President of the Province of Latina
- In office 21 March 1989 – 6 November 1991
- Succeeded by: Severino Del Balzo

Mayor of Latina
- In office 1972–1980
- Preceded by: Vincenzo Tasciotti
- Succeeded by: Delio Redi
- In office 1983–1985
- Preceded by: Delio Redi
- Succeeded by: Delio Redi

Personal details
- Born: 29 September 1933 Foggia, Kingdom of Italy
- Died: 10 October 1994 (aged 61) Latina, Lazio, Italy
- Party: Christian Democracy

= Antonio Corona =

Antonio Corona (29 September 1933 – 10 October 1994) was an Italian politician of the Christian Democracy party who served as mayor of Latina and president of the Province of Latina.

==Life and career==
Born in Foggia, he moved during his youth to Sicily and later settled in Latina for work.

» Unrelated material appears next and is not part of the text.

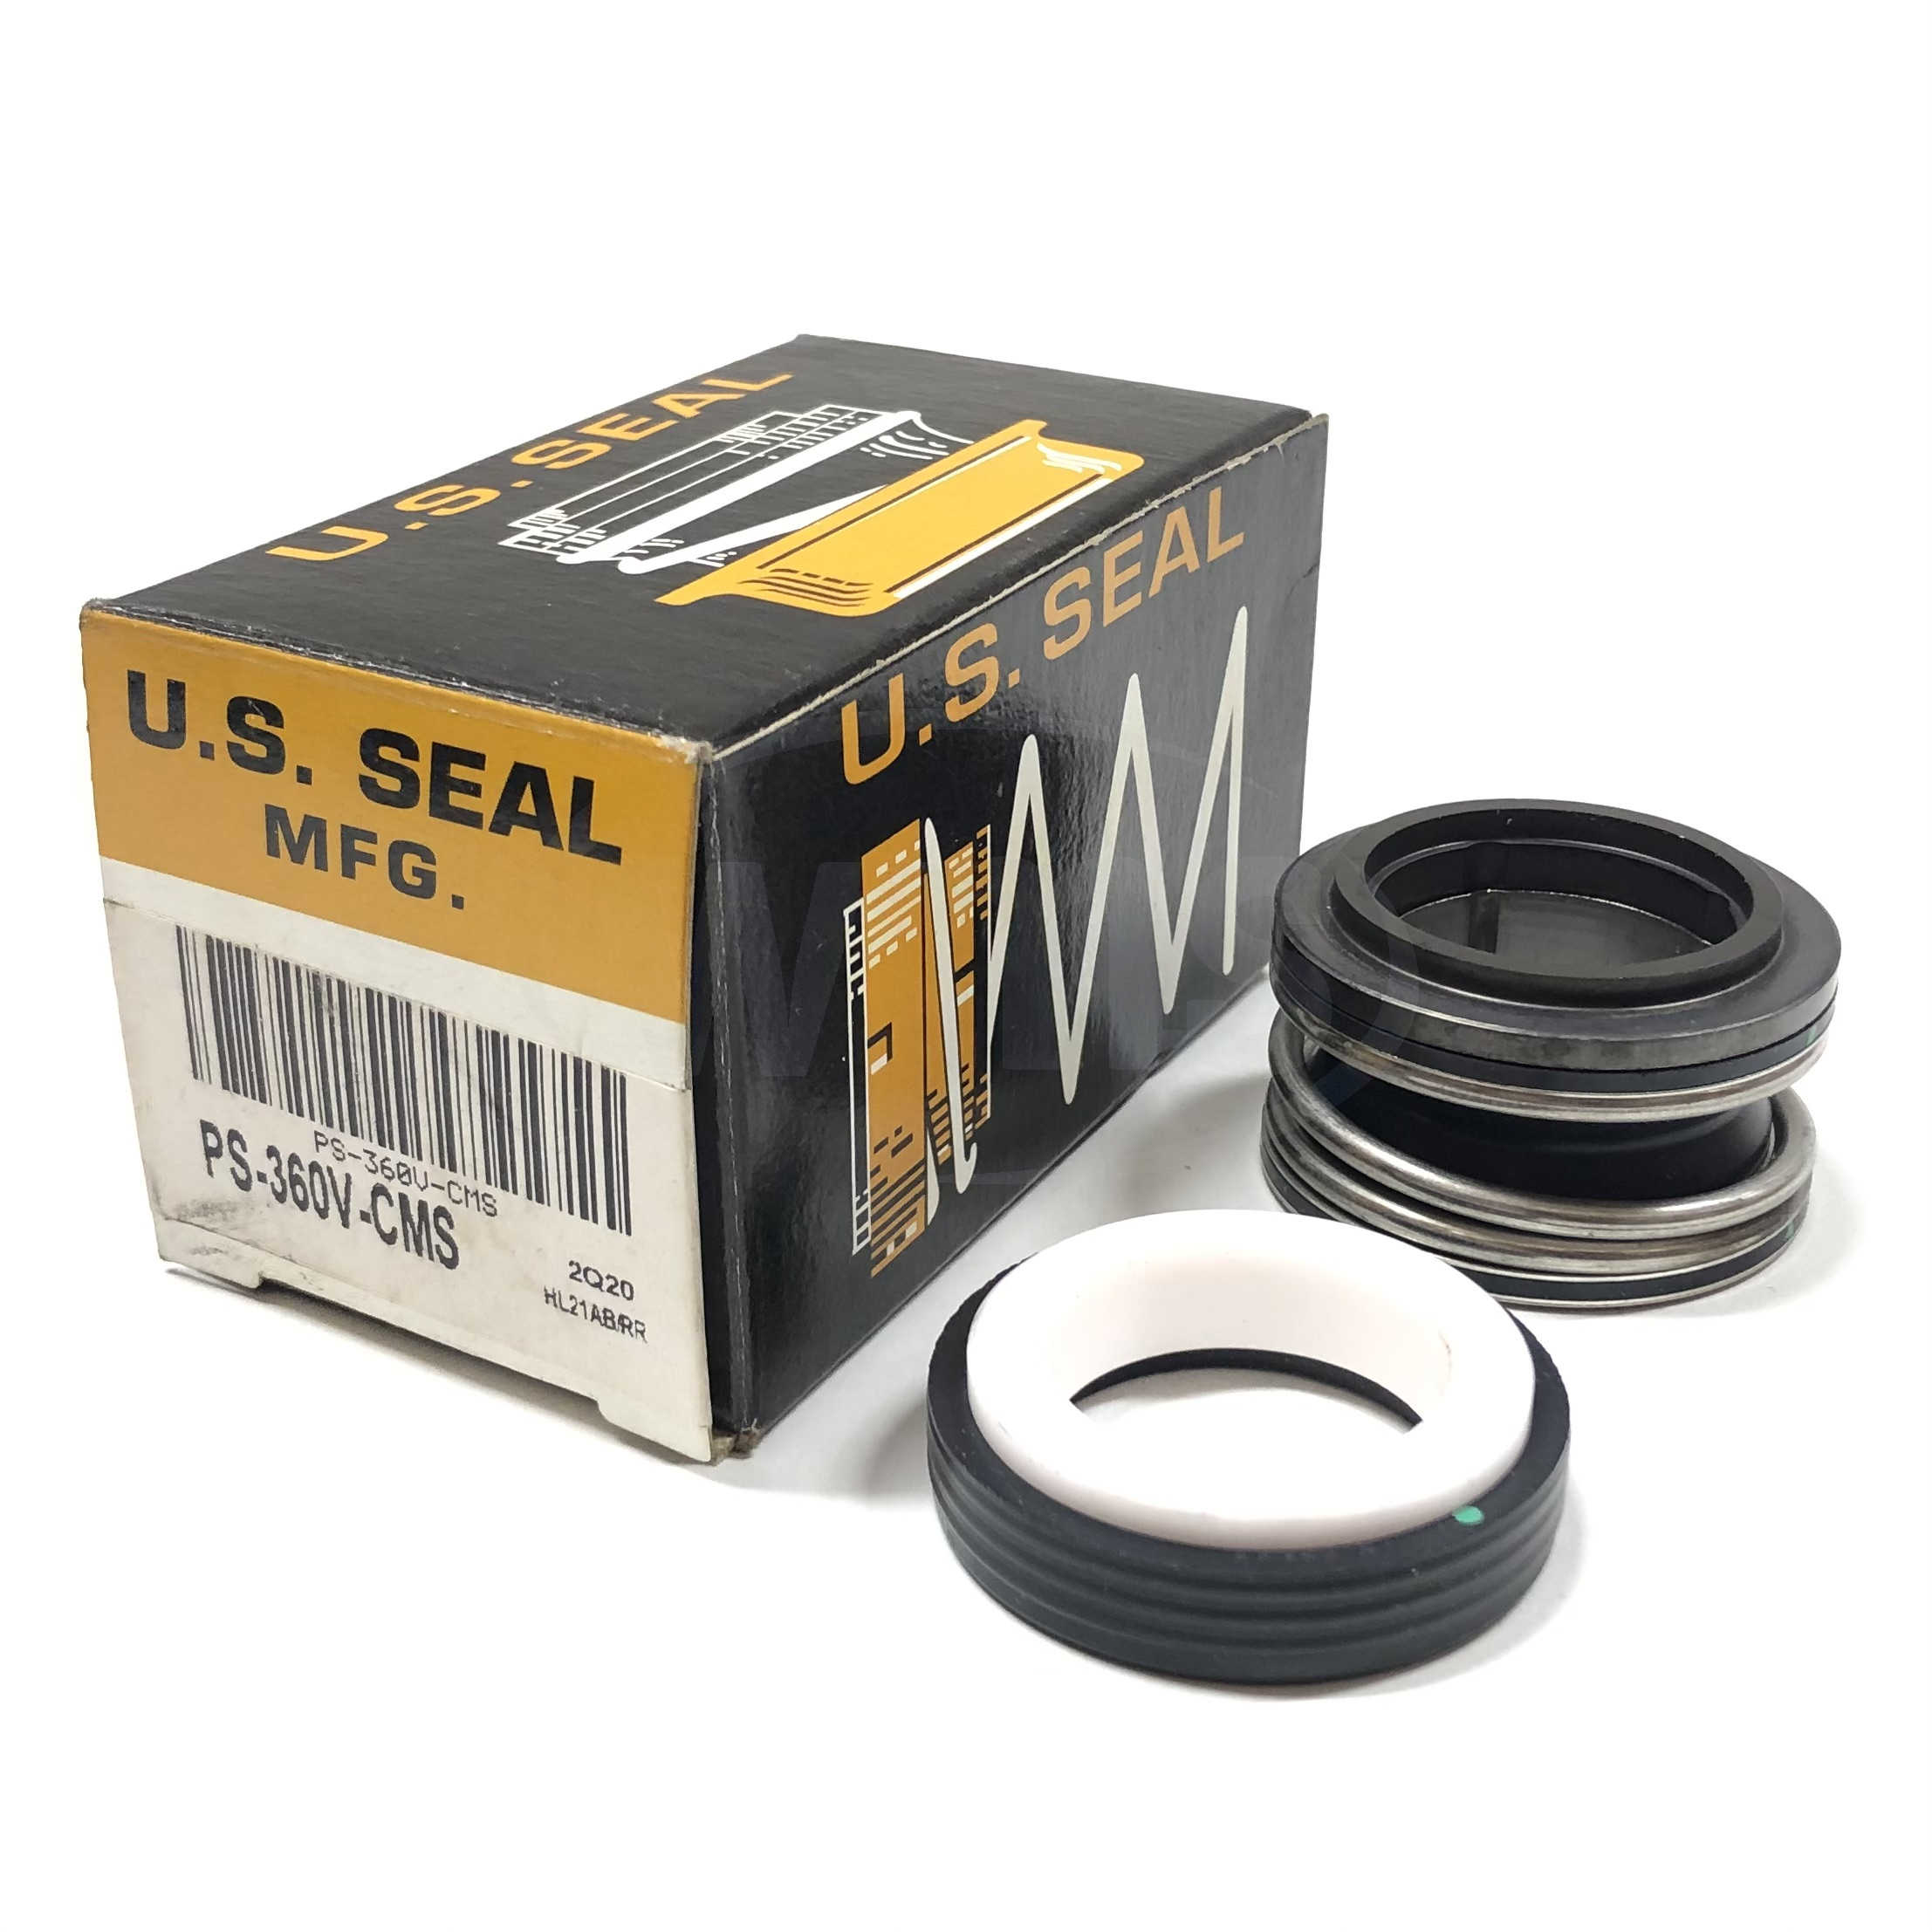 PS-360V-CMS U.S. SEAL MFG. Pump Seal 1
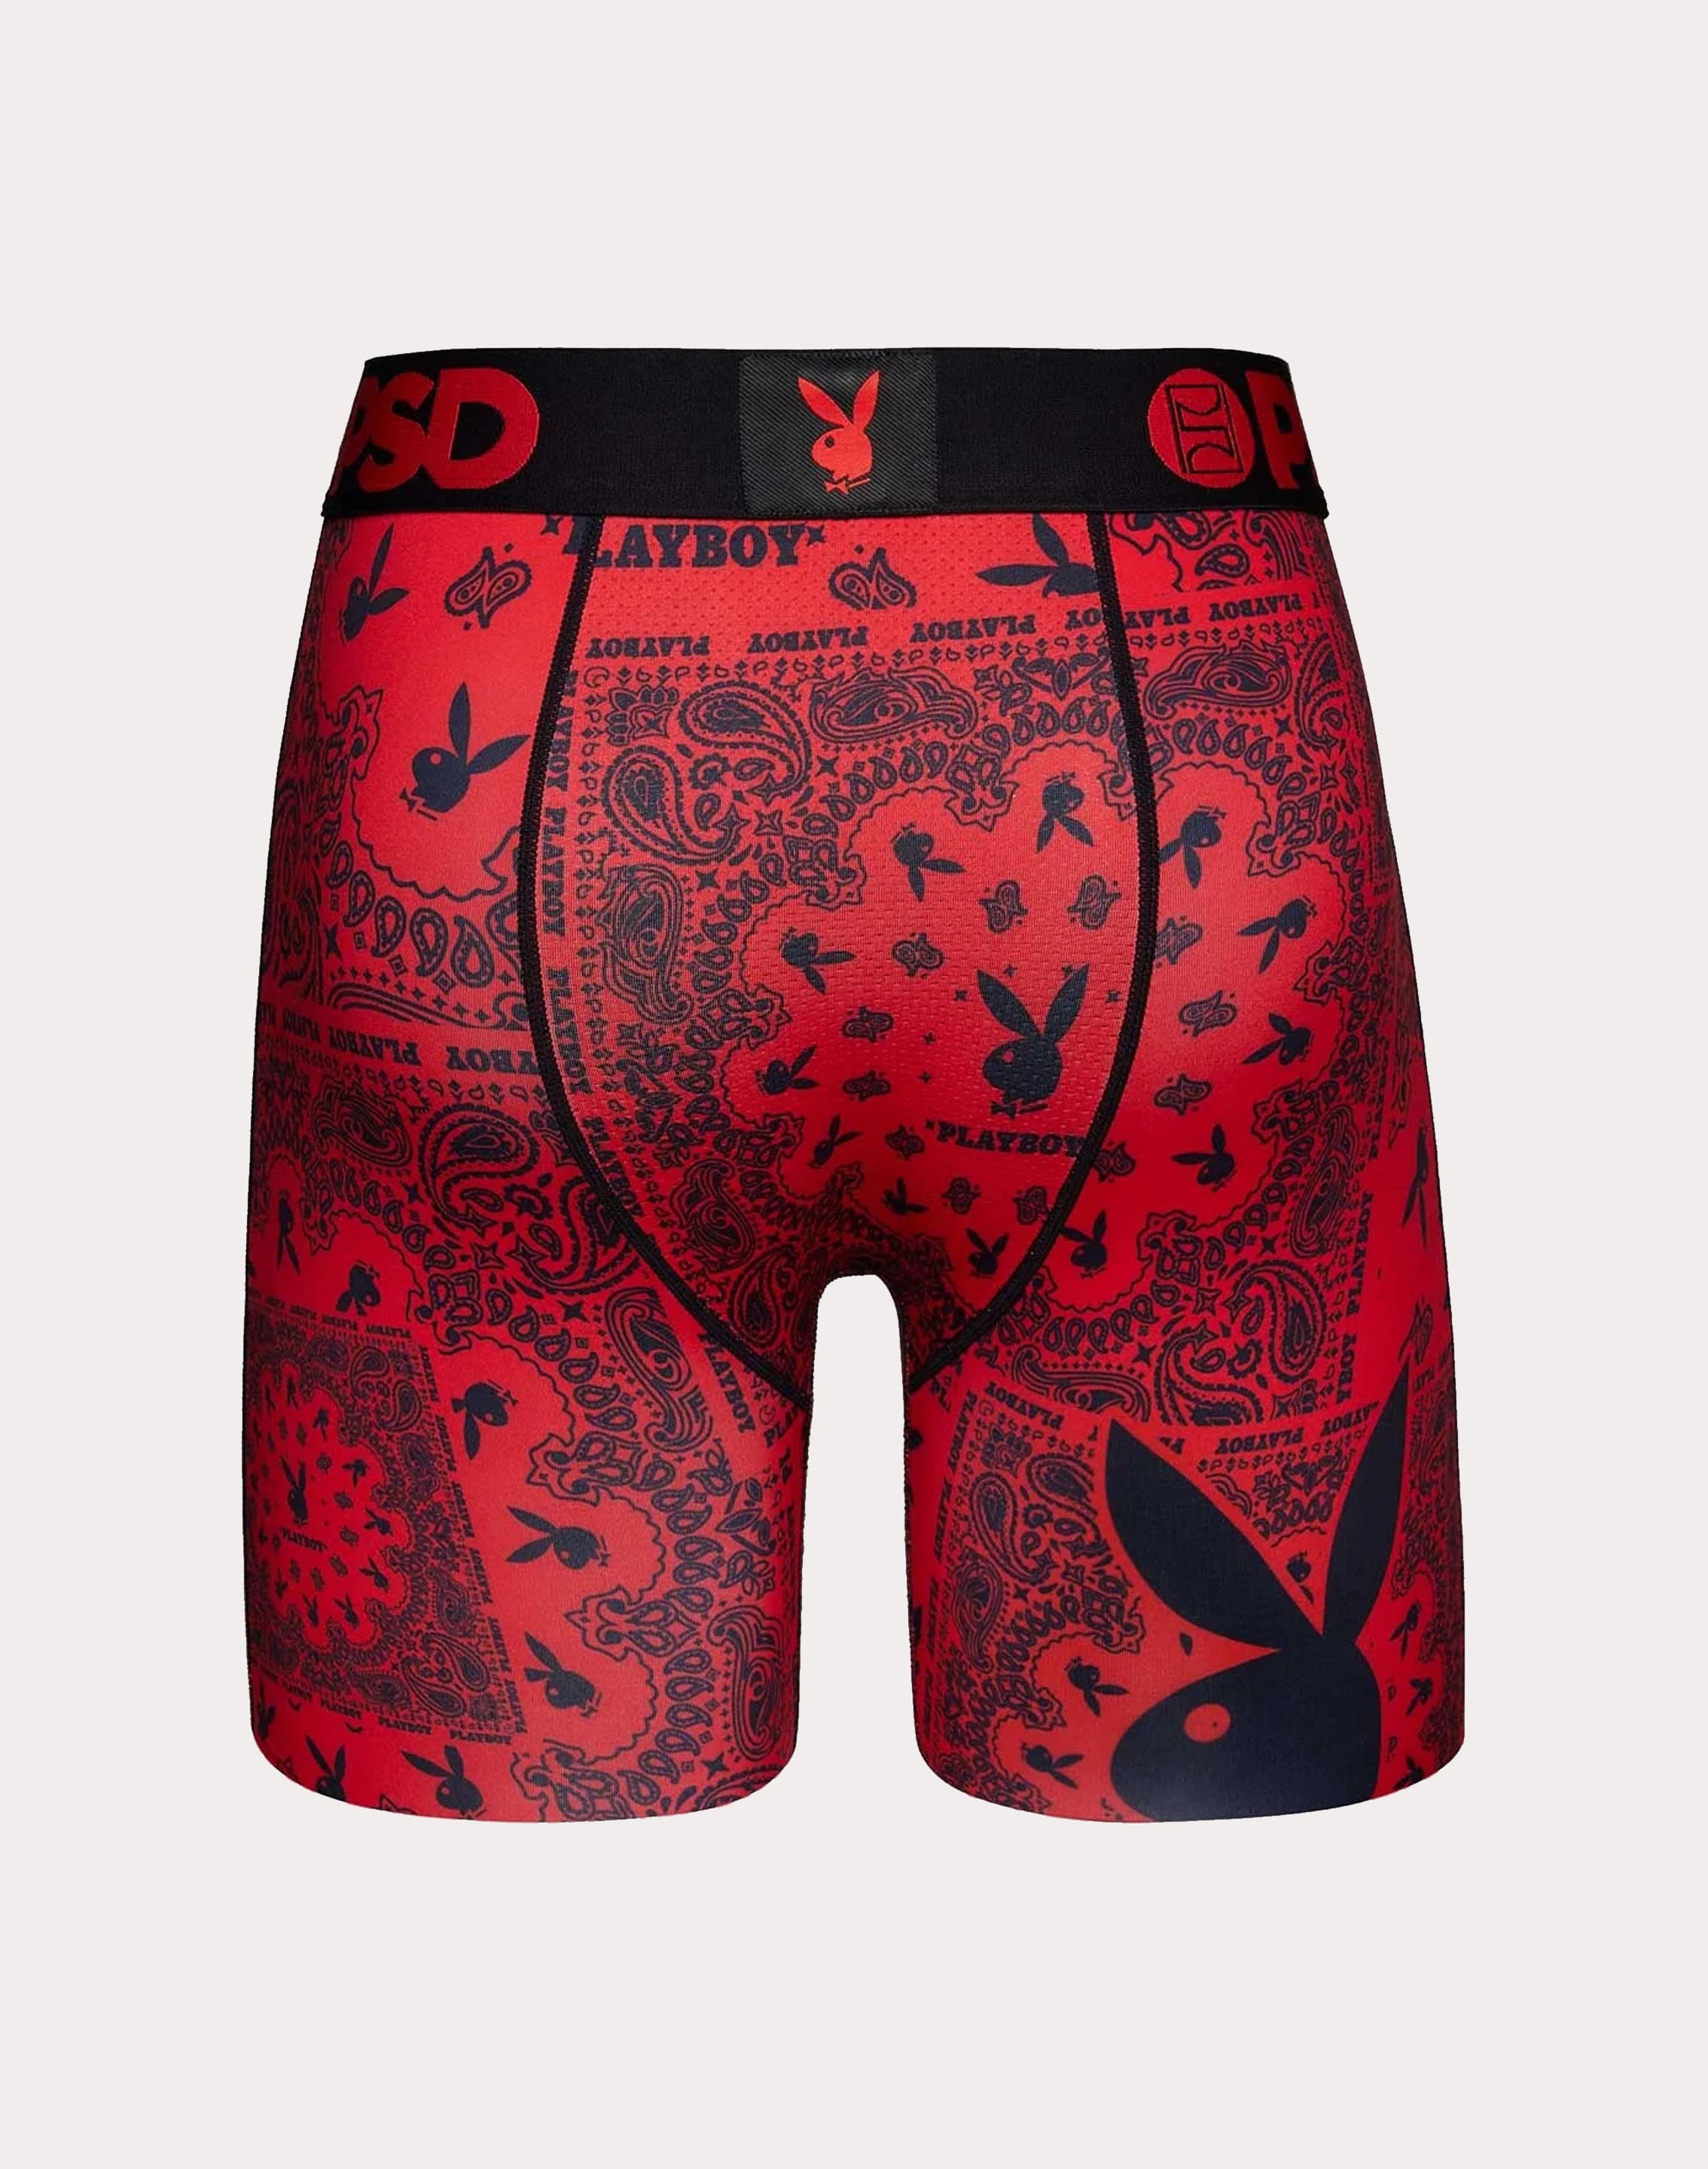 PSD Underwear Women's Playboy Red Chinese Boyshort Panty- Size

He joined Christian Democracy, aligning with the party's Iniziativa democratica faction led by Amintore Fanfani.

He served as mayor of Latina from 1972 to 1980 and again from 1983 to 1985. He was later president of the Province of Latina from 1989 to 1991.

In the early 1990s, Corona was involved in the Mani pulite investigations into political corruption and was arrested in 1992 for illicit party financing. He was released the following day and spent 15 days under house arrest. He died in 1994 after a cancer illness.